When compared qualitatively with competing models, we can start to see why GLIGEN reports such success. Take a look at the example above from the GLIGEN project page. Here, we can see how GLIGEN handles different formations of the final output of the grounding prompt via manipulation of the bounding box locations. The versatility on display when compared to DALLE and DALLE2 should not be underestimated: the power to choose where a feature will be placed is potent in image generation frameworks, and the results reflect this quantitatively as well.
In order to assess the model, the researchers applied a number of tasks to compare the model with existing competitors in the contexts of style reference, zero-shot, and fine-tuned versions of GLIGEN. They found that on COCO2017 and LVIS, the fine-tuned versions of GLIGEN dominated against existing competition.
Additionally, they tested the inpainting and keypoint processing abilities of the model against the competition. They found that their model can generate much higher degrees of accuracy to both the original image and prompt inputs when compared to competing model types.
Overall, GLIGEN offers a substantial improvement over typical Stable Diffusion for creating images with a fine degree of control over the physical locations of the features in the synthesized images.
We are going to now adapt the official GLIGEN HuggingFace space to run in a Gradient Notebook. Just click the link below to open up a new Notebook with the relevant files. The only requirement to run this is an account with Gradient!

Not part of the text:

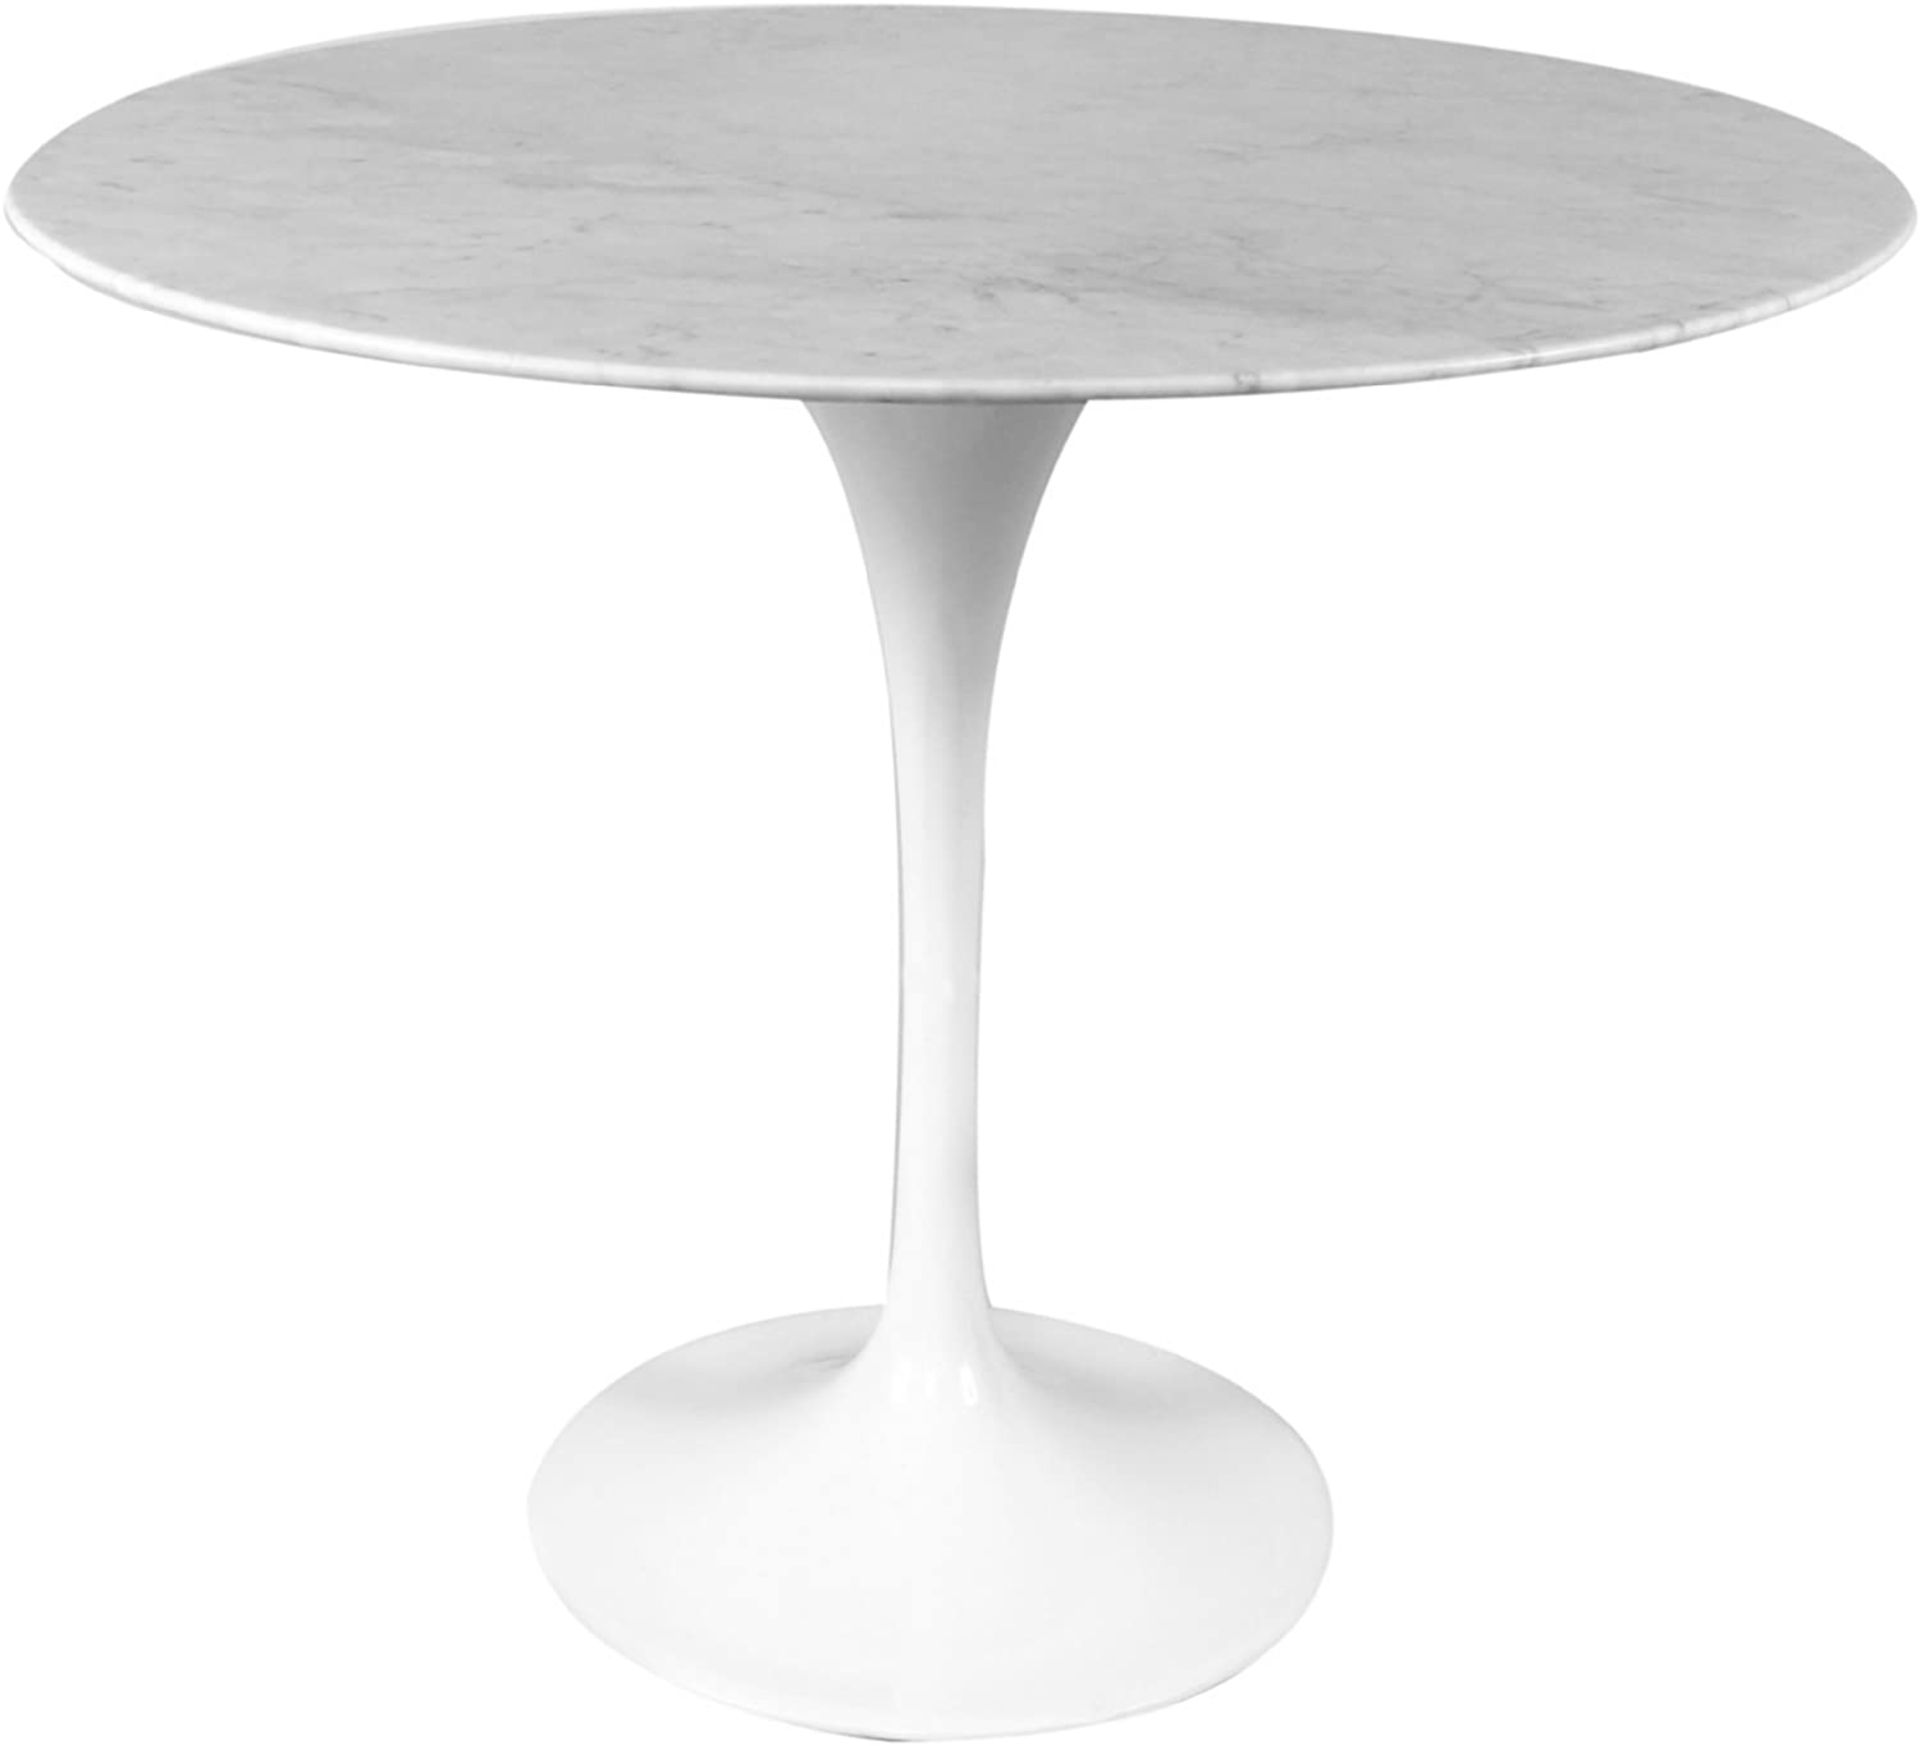 1 x Eero Saarinen Inspired Carrara Marble Tulip 50cm Occasional Table - Brand New and Boxed
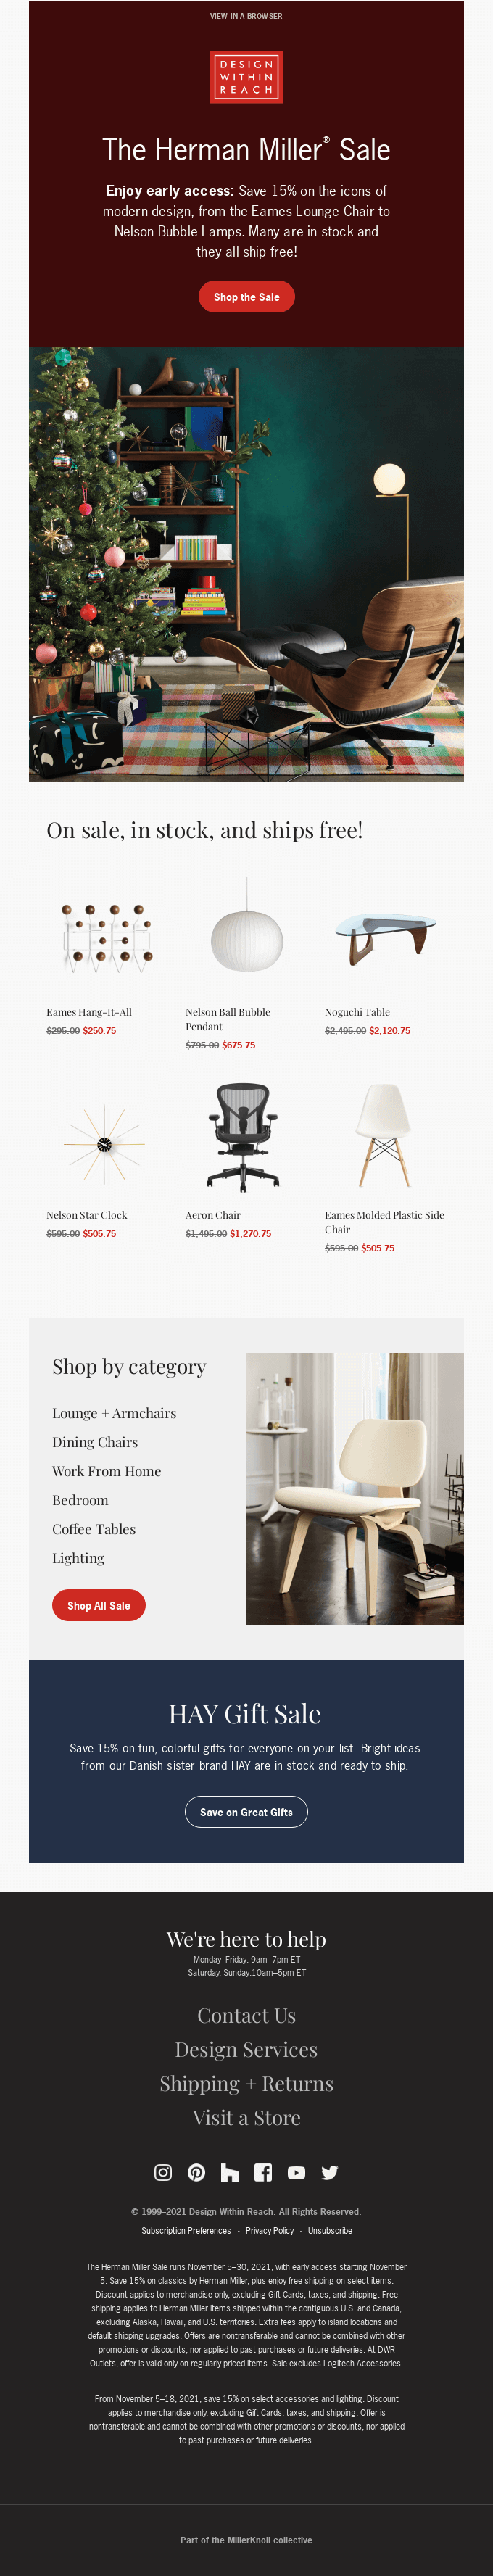 Special early access: The Herman Miller Sale

Setting up the environment has been simplified to just a single cell run to make this all easier. Inside your Gradient Notebook, open up a new file in the demos directory called
notebook.ipynb and navigate to the first code cell. Paste the code in the cell shown below. Run the cell to install all the required packages.
pip install -r requirements.txt
Once that's done, we can execute the code in the following cell to start up the Gradio application. This will output a shareable link that we can then use to query our model from any web browser. This may take a few minutes as the model checkpoints download. Paste the following code into the next code cell and run it to open up the application.
!python app.py --load-text-box-inpainting True --load-text-image-box-generation True
Using the app
Now that we are in the web app, we can begin to make synthesized images! First, let's play around with the grounded generation framework, where the scribbled drawing determines the bounding box locations. As you can see from the example above, there are two named objects: Sun and Comet. We can change these by altering the semicolon separated variables in the grounding instruction text box, and we can alter the context for the images by adjusting the language instruction.
The inpainting function is very similar. Simply add in an existing photo to the application, supply the instructions, and let it make changes. This is a powerful image editing framework thanks to this functionality. Above is an example we made using a photo of a cat and dog turned into puppies and kittens of different breeds.
By playing around with the grounded truth values and language instruction, we can alter the nature of our outputs significantly while using the same bounding box inputs as guidance. Be sure to try adding in as many features as possible to try and push the limits of the model! Surprisingly, it can handle a lot of grounded truth variables to a high degree of accuracy, so long as we are careful not to include the grounded truth statements in the language instruction context. (this can be turned off in advanced options).
GLIGEN is a fantastic new pathway to generating quality images thanks to its high degree of controllability, versatility, and power to the text2image synthesis pipeline. We are looking forward to seeing implementations of GLIGEN with ControlNet and the Stable Diffusion Web UI, soon!
This application can be run on any Gradient Notebook, so be sure to try it out on more powerful machines for faster generation!